The larger goal of orchestration is to prevent downstream processes from running if the data being processed upstream fails. Each stage could be performed with a series of scripts, a SaaS tool, or a mix. Each team is responsible for their own stages, but they need to know how their work connects to the larger picture so when something goes wrong, there's ownership and clarity that drives a quick resolution. Unfortunately, this still doesn't exist in most organizations because the current tooling isn't solving the orchestration and visualization of connected systems super effectively. It's instead enabling one-off, disconnected data processes.

Disclaimer: I built Shipyard (www.shipyardapp.com) to address many of these concerns of simplifying the ability to connect data tools and quickly automate and action on data.

I don’t understand the desire to describe DAGs in Python… it’s a fine scripting language but pretty horrible for this declarative description stuff.

My current company has been having a lot of success with Dagster. It seems to give a lot more flexibility thanAirflow in terms of defining the pipeline and where to run it. It's also a bit friendlier when things fail and need to be backfilled or retried IMO. Airflow feels like it's somewhat legacy at this point in time. It served a need well but the needs have changed now.

The problem I've had with Airflow is that it tries to do way too much: UI/logging/config management

I've really enjoyed using taskflow (https://github.com/taskflow/taskflow) it allows us to employ our existing logging and deployment paradigms.

Snowflake is the future. We shouldn't be writing code at all, we should be throwing data into a big hole in the ground and then querying the hole, or attaching a query to the hole so as data goes in the query does something wjth it, and chaining those queries. The fact that anyone is writing anything more complex than SQL to do this is a failure of imagination. Snowflake is intended to remove all the unnecessary engineering from you just putting data somewhere and doing something useful with it easily.

Fascinating article and to the heart of my being as a DE engineer. I had the same conclusion a while back and wrote about the trends in data orchestration towards a declarative pipeline, which more modern tools, as you mentioned, will do, but I'm afraid not Airflow.
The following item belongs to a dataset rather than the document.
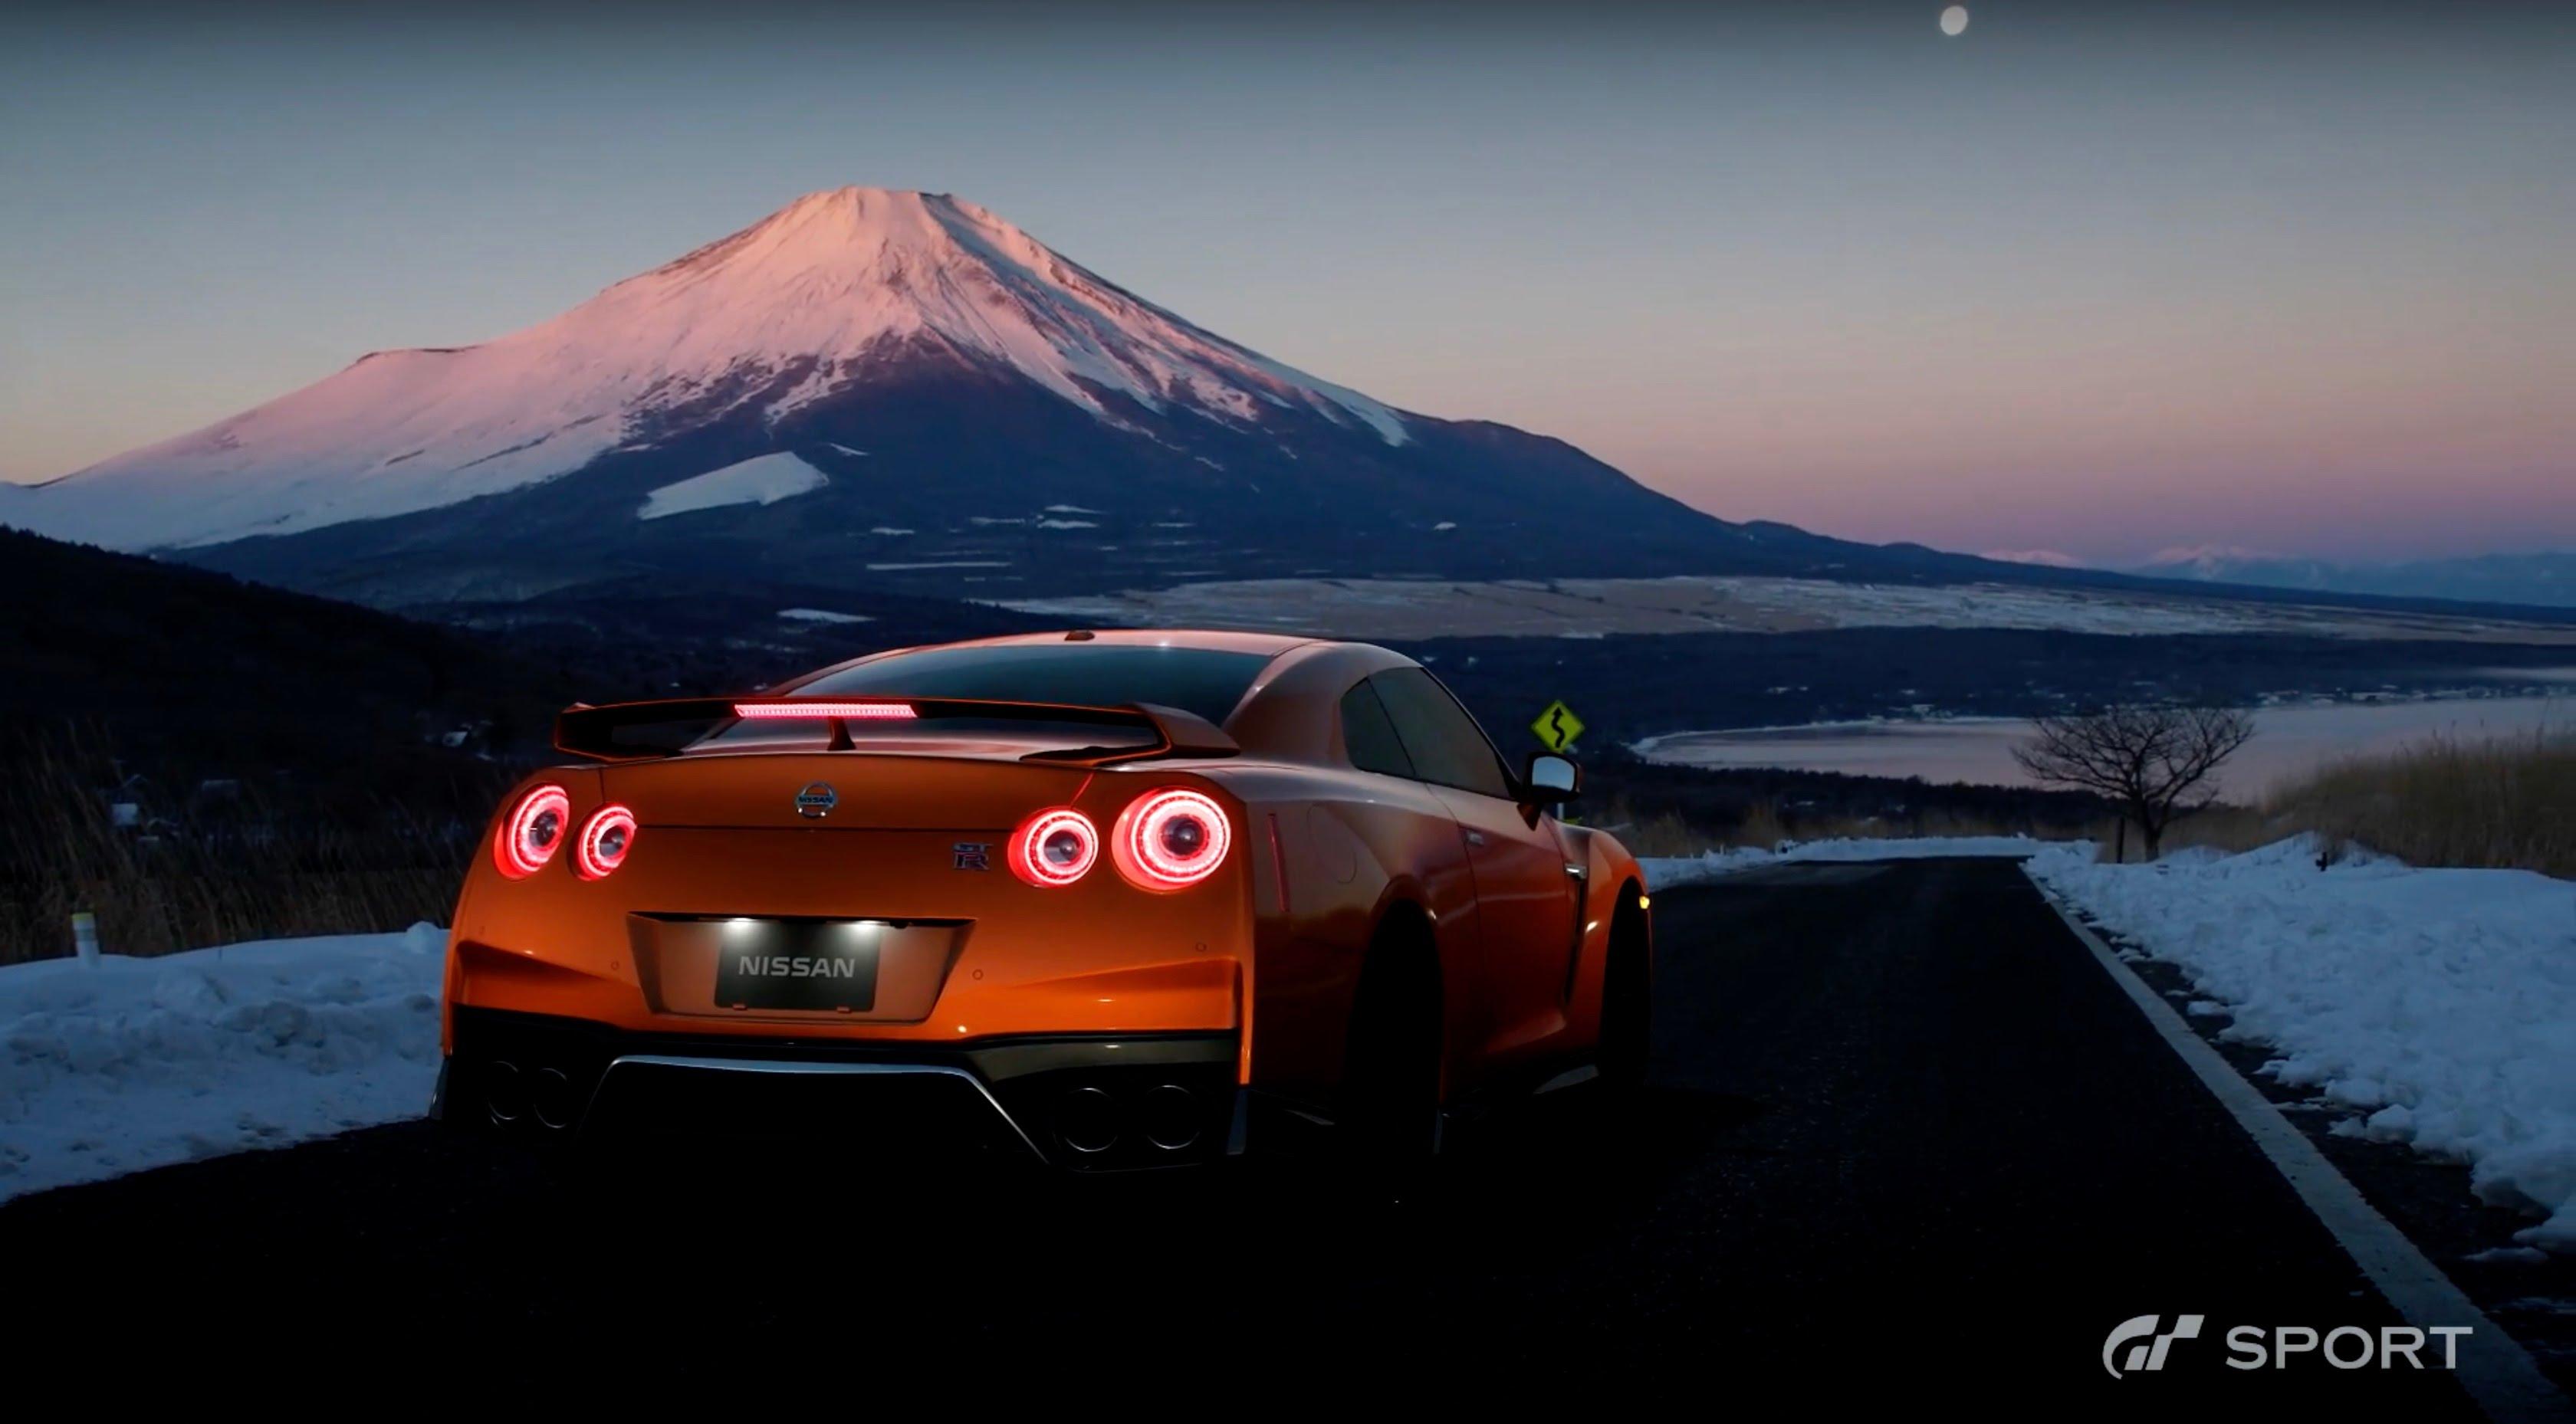 Gran Turismo Sport HD Wallpaper Background Image 3360x1858 3360x1858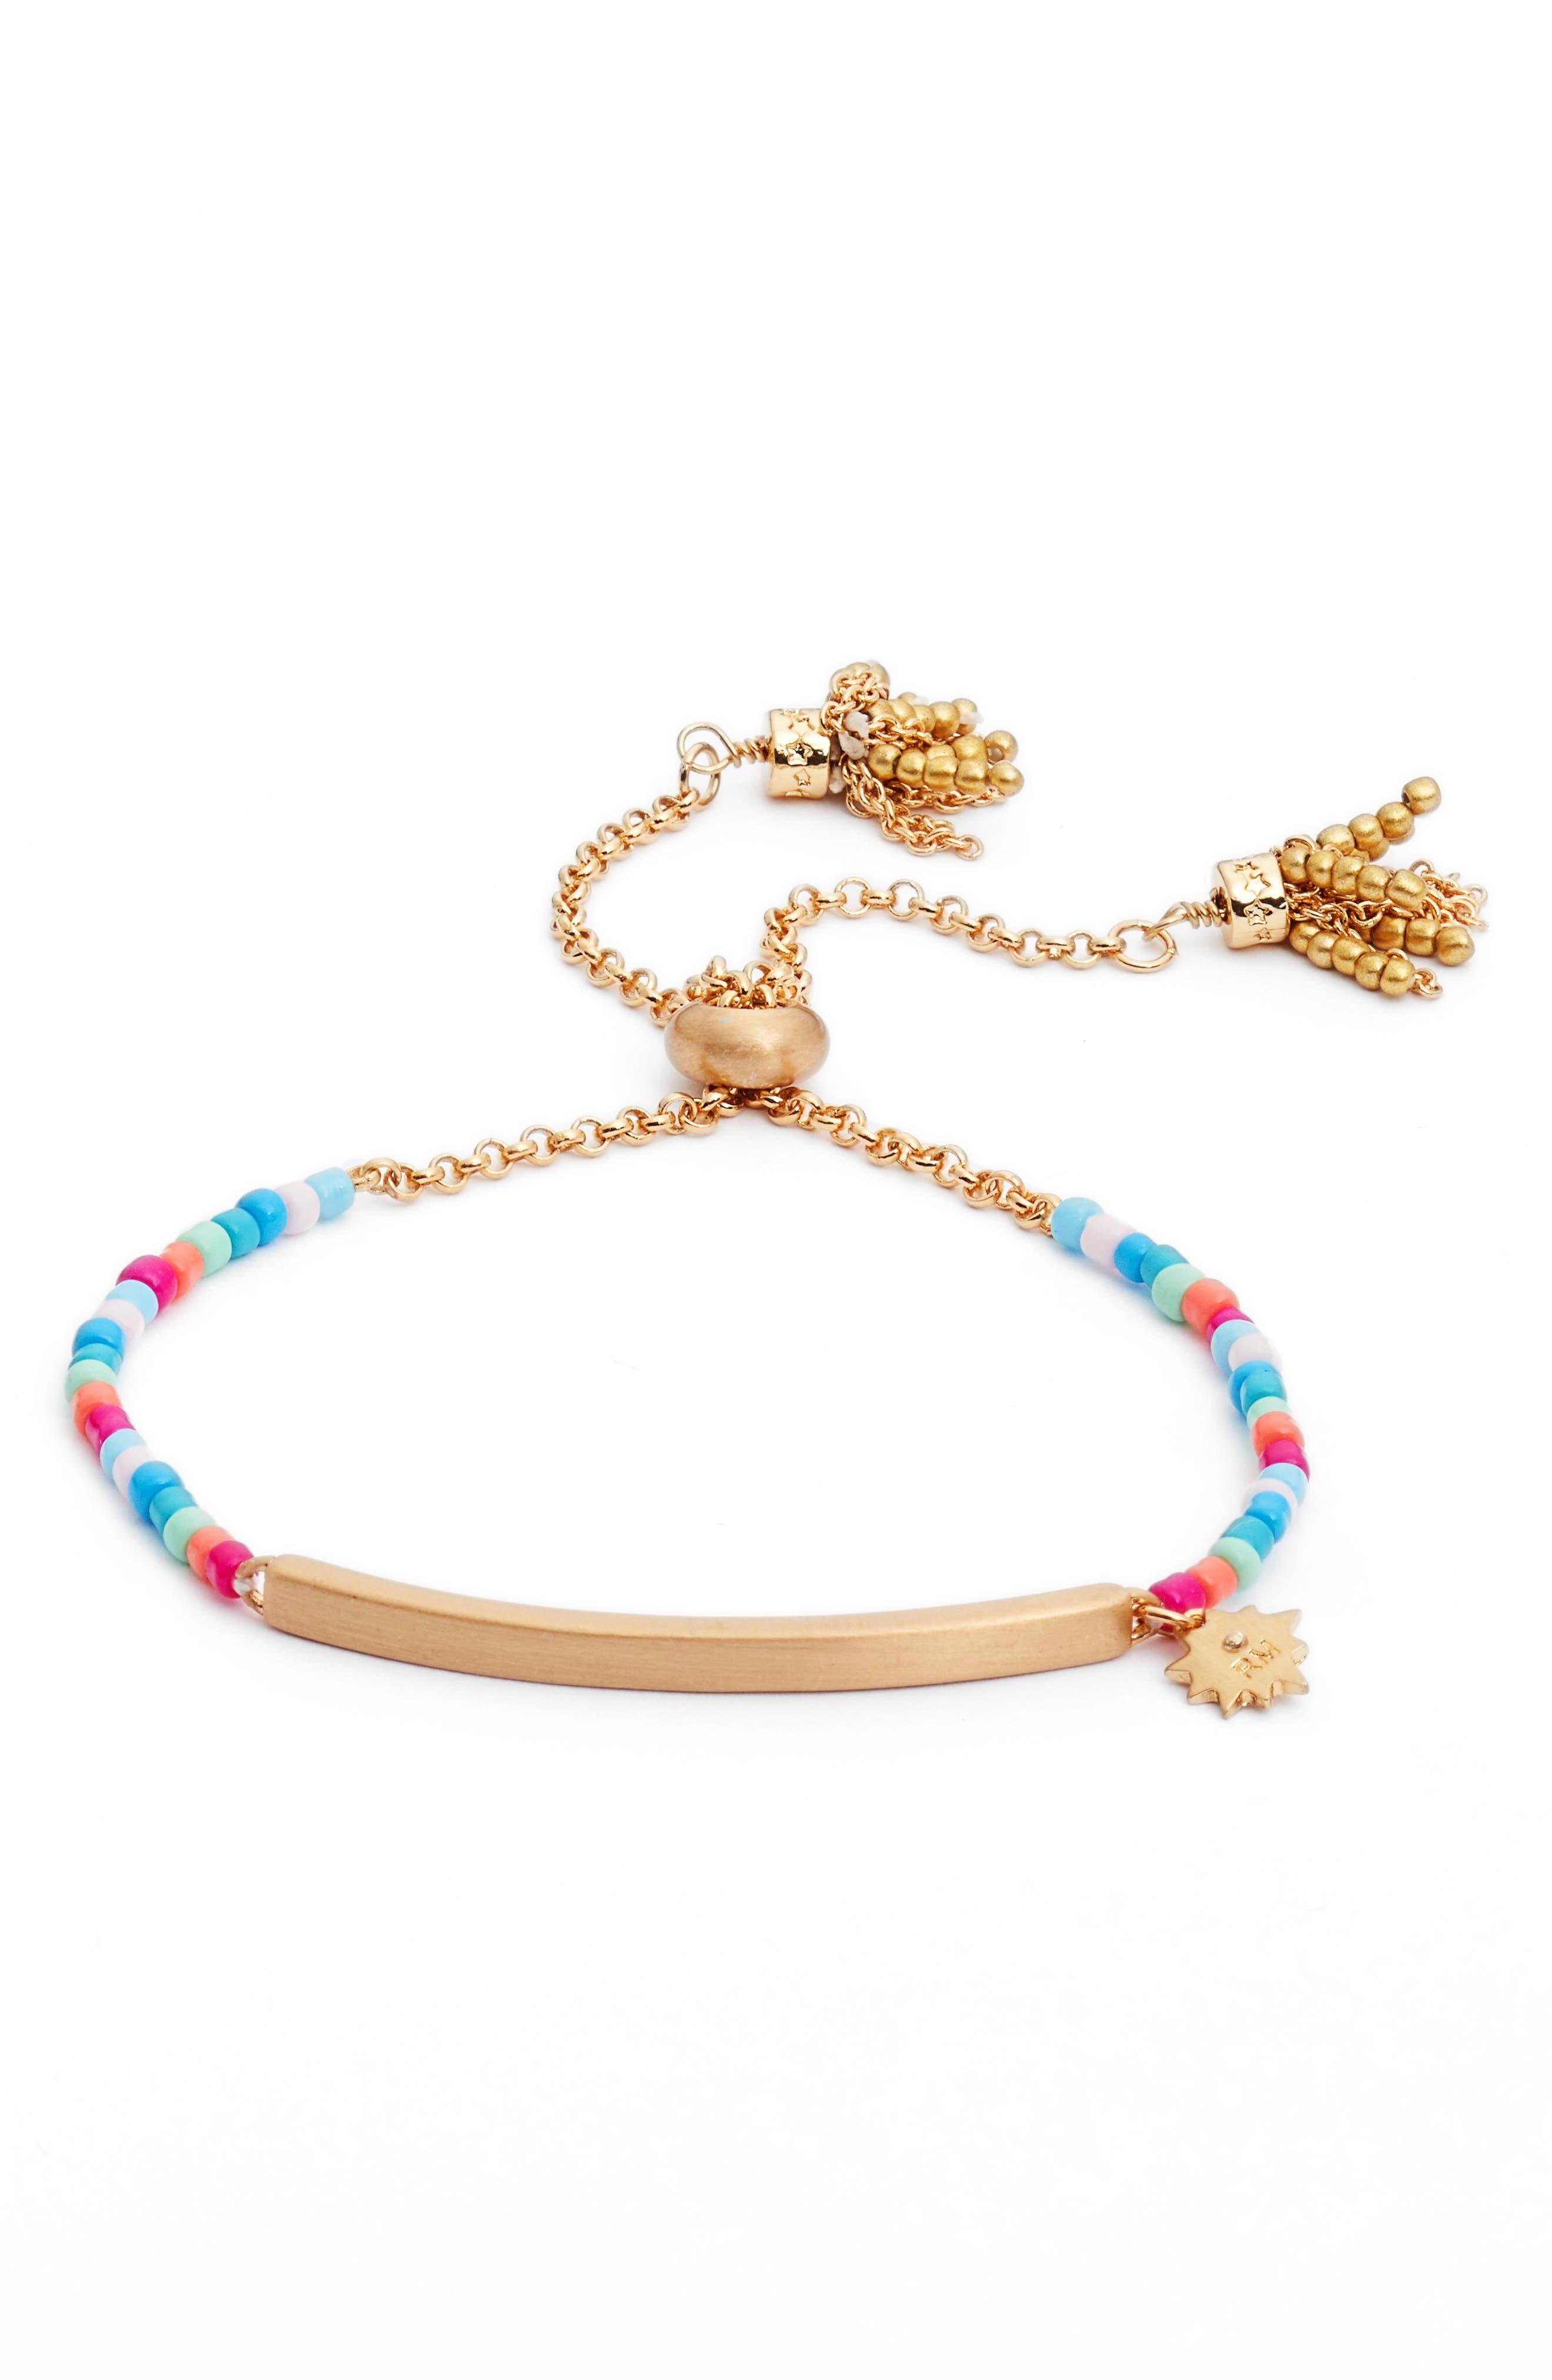 Sole Beaded Adjustable Bracelet,                         Main,                         color, 710

I'd say data consumers, such as data analysts and business users, care primarily about the production of data assets. On the other hand, data engineers with Airflow focus on modeling the dependencies between tasks (instead of data assets). How how can we reconcile both worlds?

In my latest article, I review Airflow, Prefect, and Dagster and discuss how data orchestration tools introduce data assets as first-class objects. I also cover why a declarative approach with higher-level abstractions helps with faster developer cycles, stability, and a better understanding of what’s going on pre-runtime. I explore five different abstractions (jobs, tasks, resources, triggers, and data products) and see if it all helps to build a Data Mesh. If that sounds interesting, make sure to check out https://airbyte.com/blog/data-orchestration-trends.

I've recently had the sales team from Magniv.io pestering me to try it as an alternative to Airflow with a "shift left" perspective for automating jobs. I wasn't convinced enougy by the value prop to dive deeper. I think it was a language problem - I was just having trouble understanding and relating to the problems they solve and then figuring out whether or not I have those problems too.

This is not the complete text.